Once the line holding "Detail of the" appears, repeat it and each line after it to the end of the data, exactly and with nothing else; pictures stay out.

Items from a dataset:
..............................
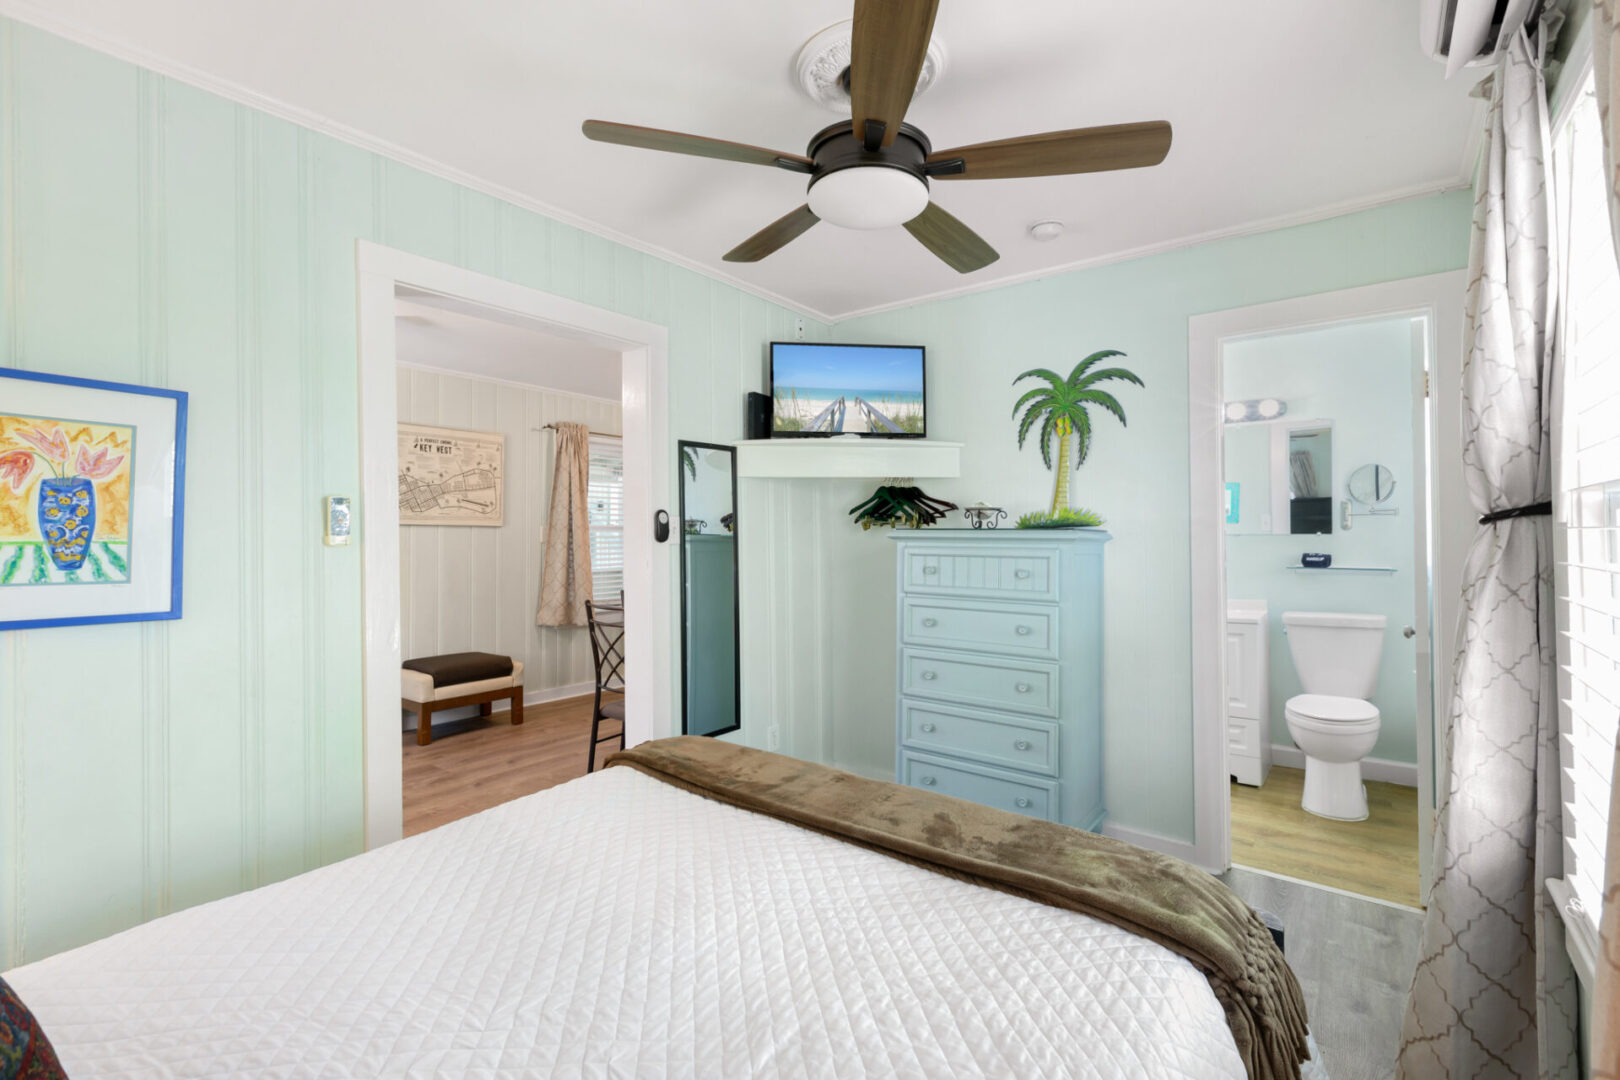 A bedroom with a tropical theme
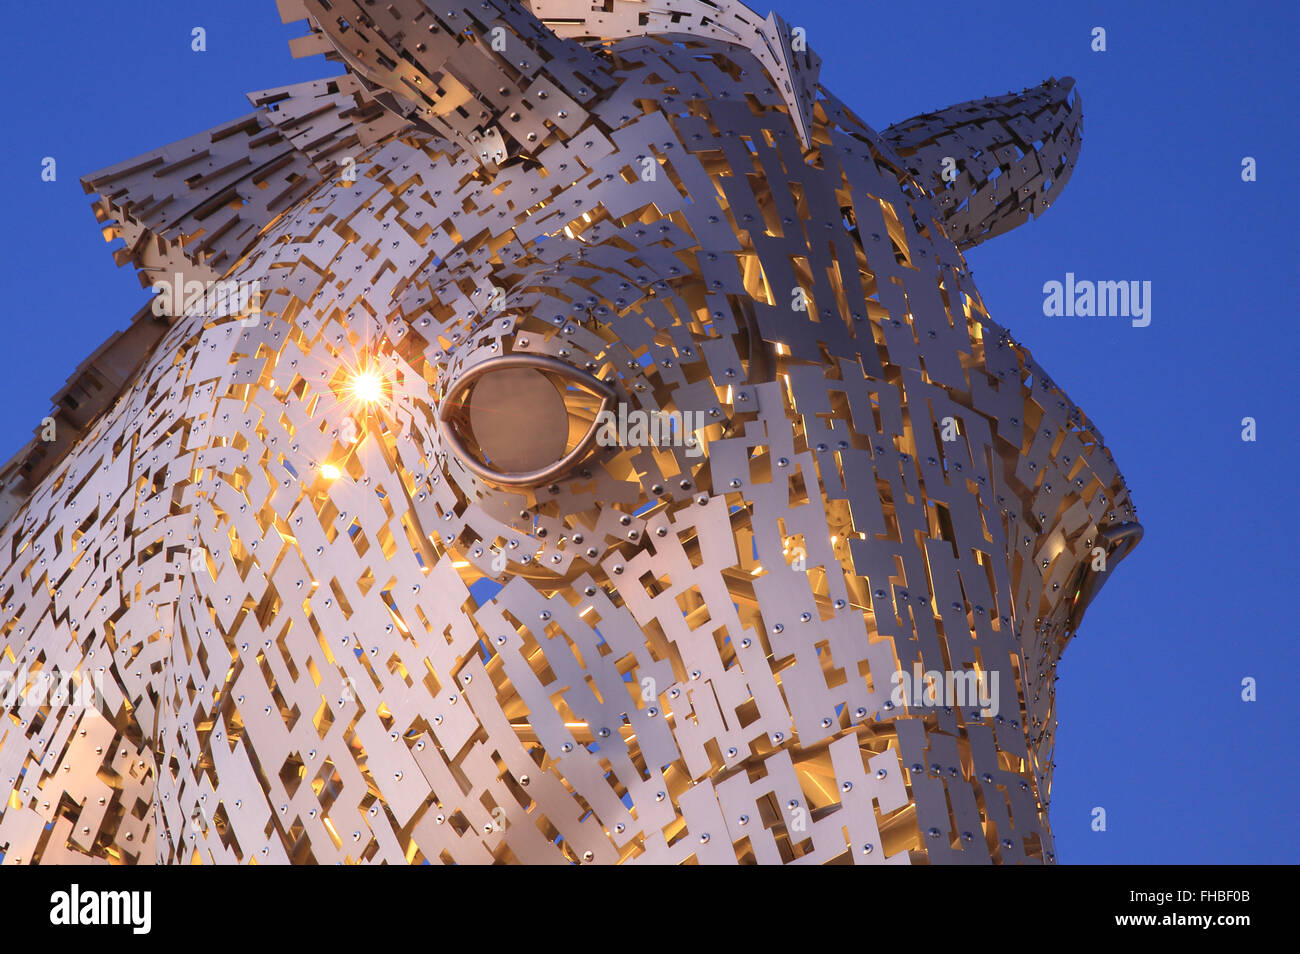 Detail of the eye of one of the Kelpies, illuminated at dusk, the world's largest horse sculptures, in Falkirk, Scotland, UK Stock Photo
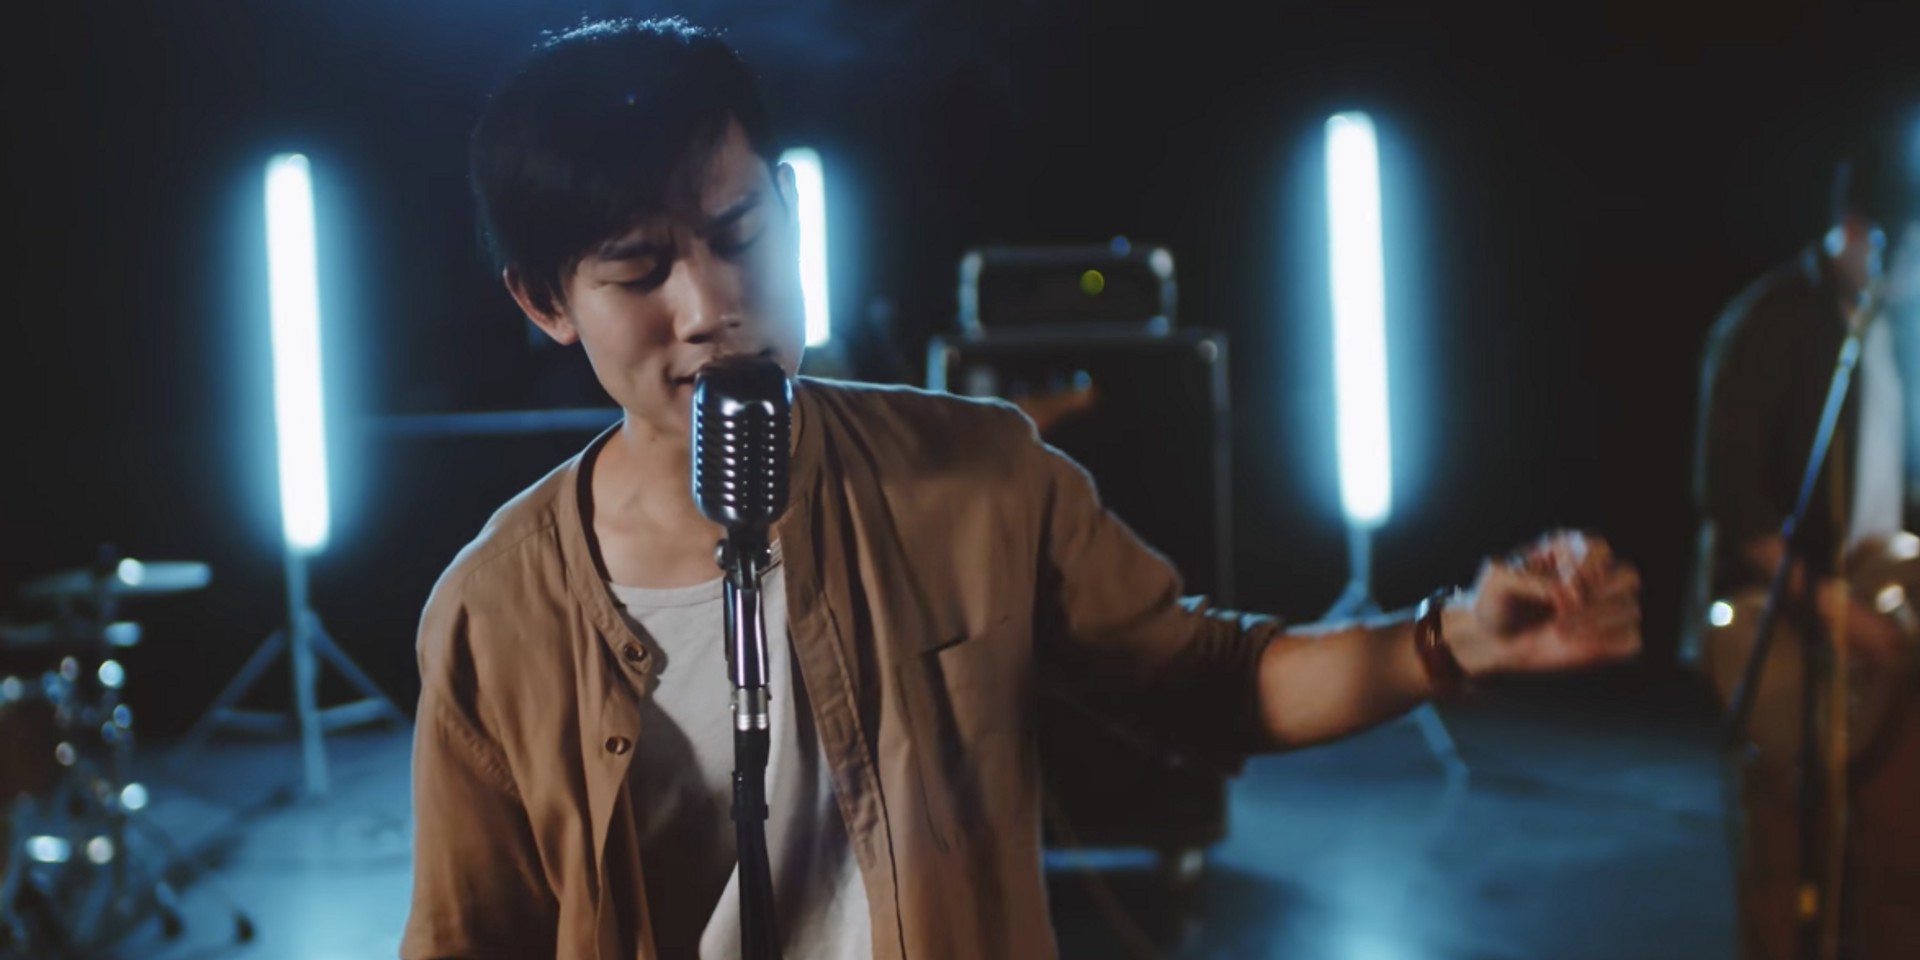 Cadence tackle mixed emotions in music video for 'Pendulum' – watch
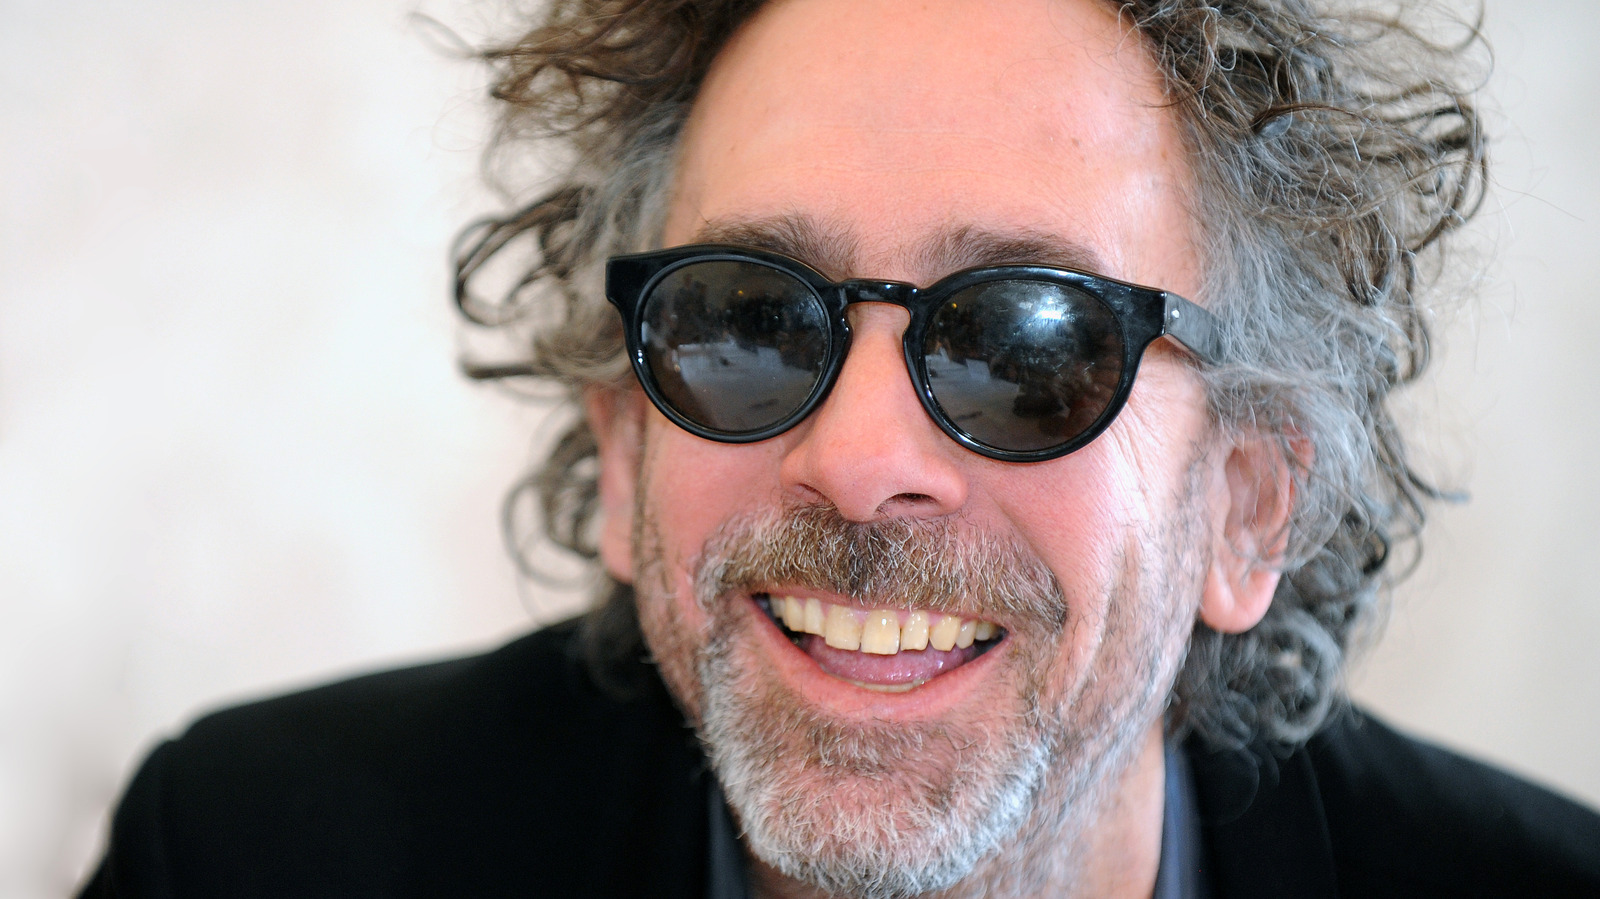 Tim Burton: The master of gothic and whimsical filmmaking
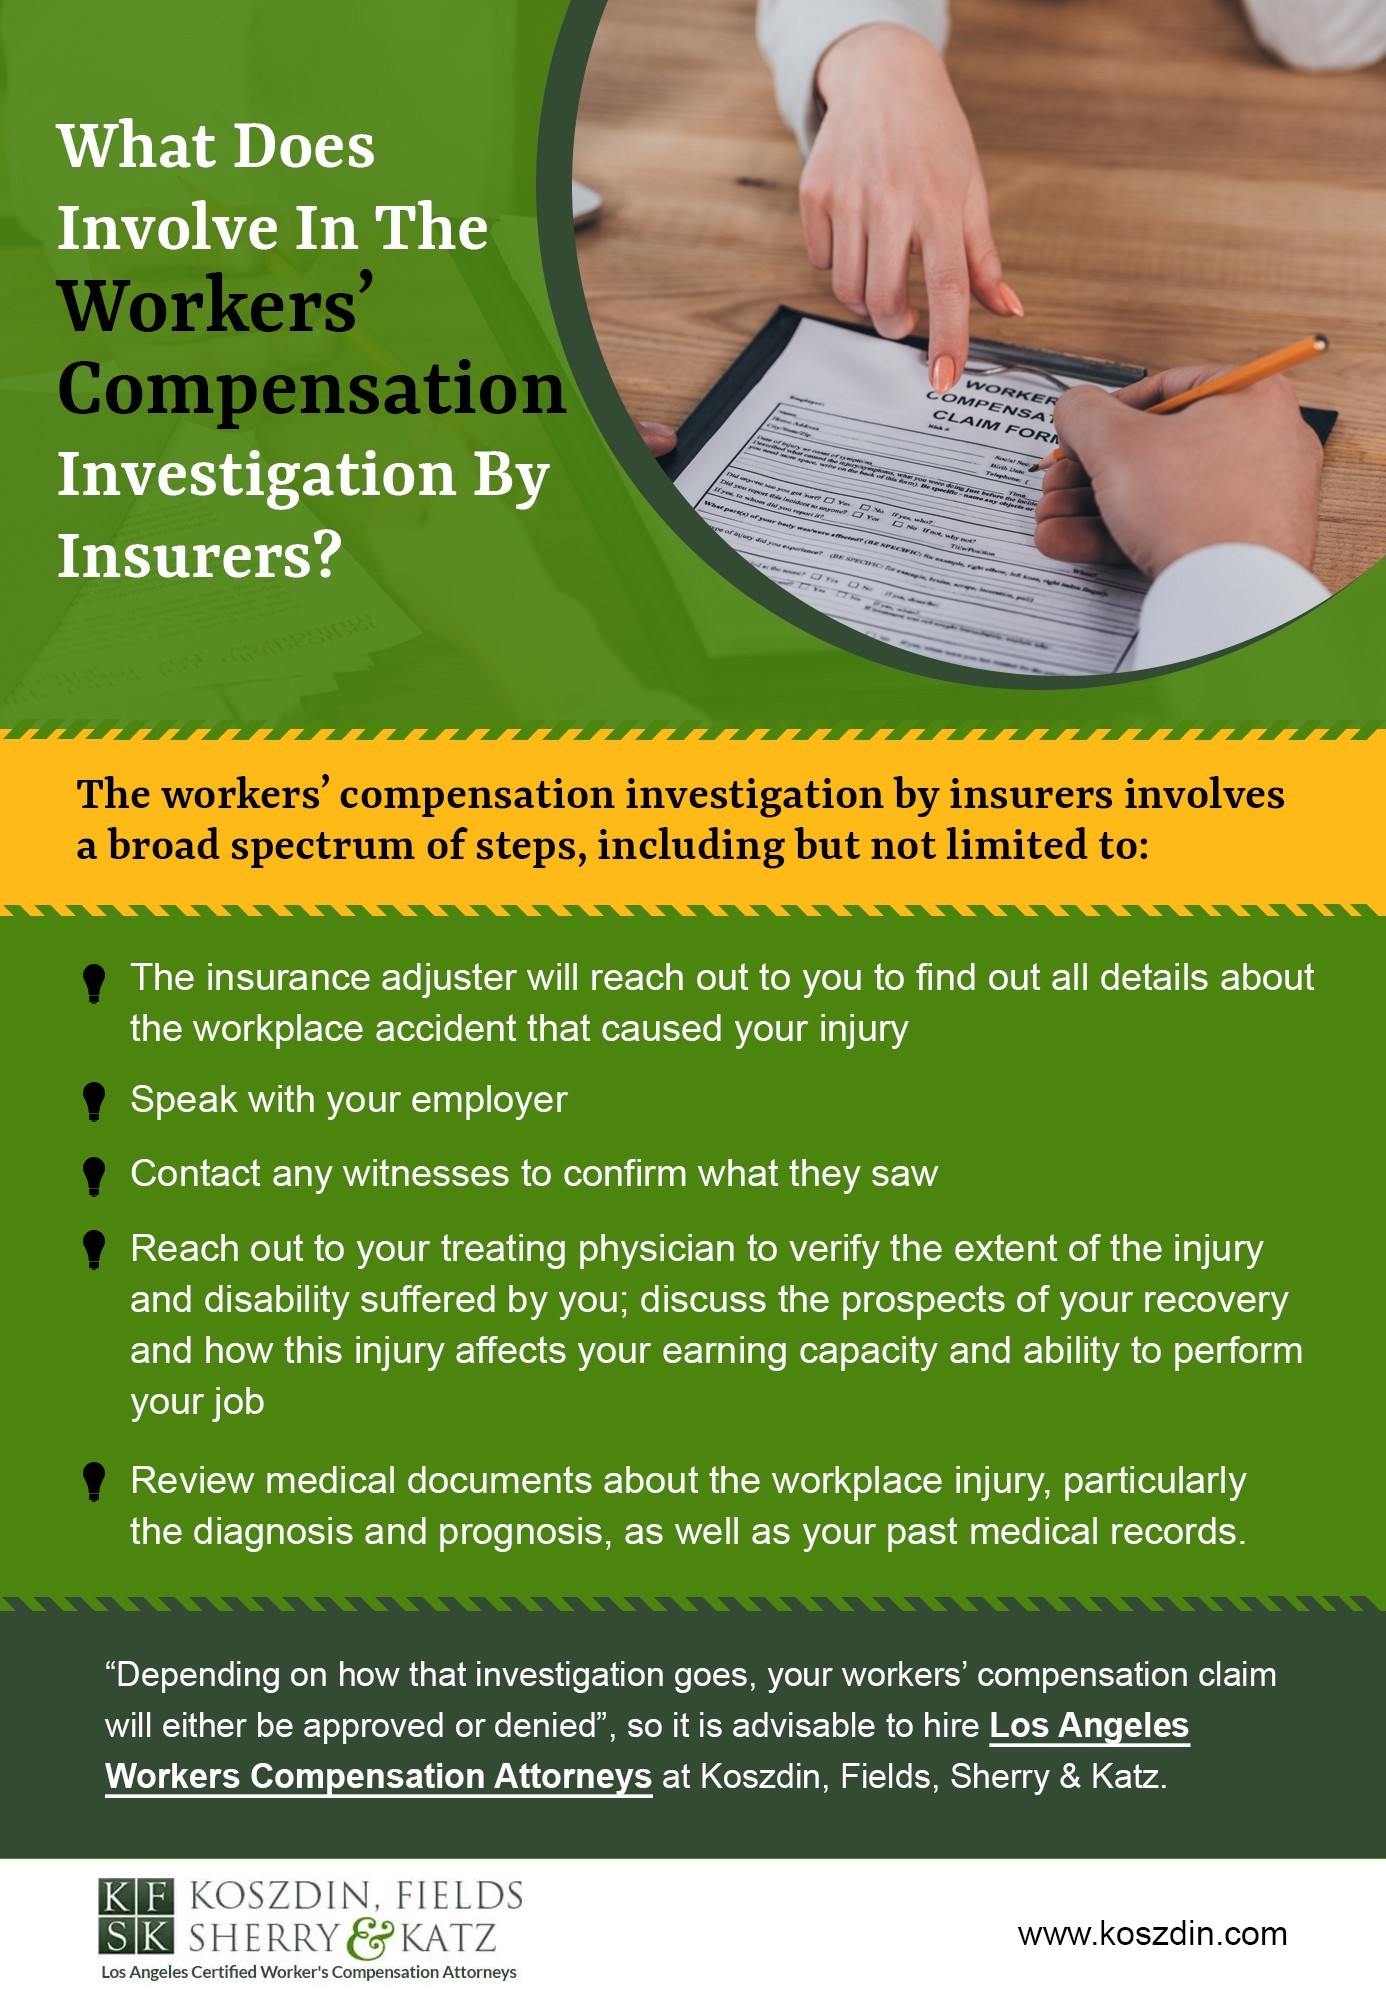 What Does Involve In The Workers Compensation Investigation By Insurers?
..............................
» Output
 Detail of the eye of one of the Kelpies, illuminated at dusk, the world's largest horse sculptures, in Falkirk, Scotland, UK Stock Photo
 Cadence tackle mixed emotions in music video for 'Pendulum' – watch
 Tim Burton: The master of gothic and whimsical filmmaking
 What Does Involve In The Workers Compensation Investigation By Insurers?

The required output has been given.